When I was a young hippie wannabe, I hitchhiked with a friend through Mexico and Central America to South America, where we planned to spend the winter and then go back up to Alaska to work again on the salmon fishing boats. Along the way, we stayed in modest (read dirt cheap) accommodations, sometimes in a home that rented rooms. These homes were in the shape of a square, with all the rooms opening onto a small, central courtyard.
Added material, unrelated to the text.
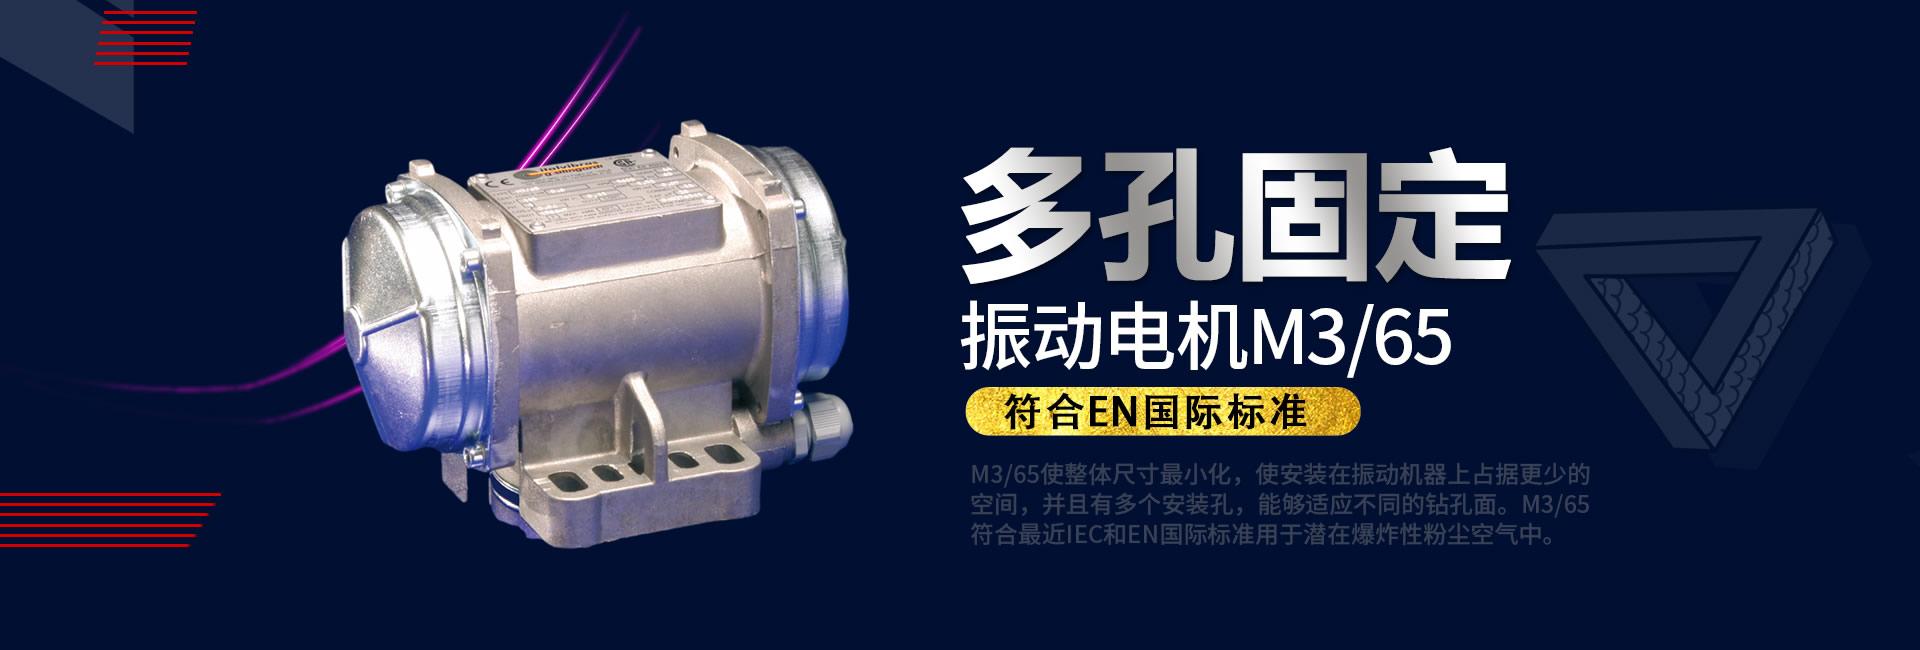 多孔固定振动电机M3/65

I remember one place in particular. It was a hot afternoon in southern Mexico, and over in one corner of the courtyard there were several comfortable chairs in the shade. I went over and sat down with a book. A child came out of the nearest door and stared at me. I tried out some high school Spanish, and soon we were pointing at things and naming them in Spanish and English. A little later, some people who appeared to be his family came out and sat down, drinking some cool beverages, offering some to me. I stayed on for awhile, pleased to be mingling with the locals.

Let me make sure you have an accurate picture here. I was, at least at that moment, an unwashed, immodestly dressed, in full bloom flower child, hanging with this rather elegant, proper Mexican family, who did their best to make me feel welcome as they passed the heat of the day in this pleasant corner of the hacienda, while I pestered them with my tedious attempts to communicate.

Later that evening, one of the other guests, a more experienced traveler than I, took me aside and told me that I had been sitting with the owners of the home on their private patio. That trip was long ago and I have many memories of it, but none that taught me as much as that family, who, instead of shooing me away so that they could enjoy their afternoon siesta, graciously treated me as an honored guest.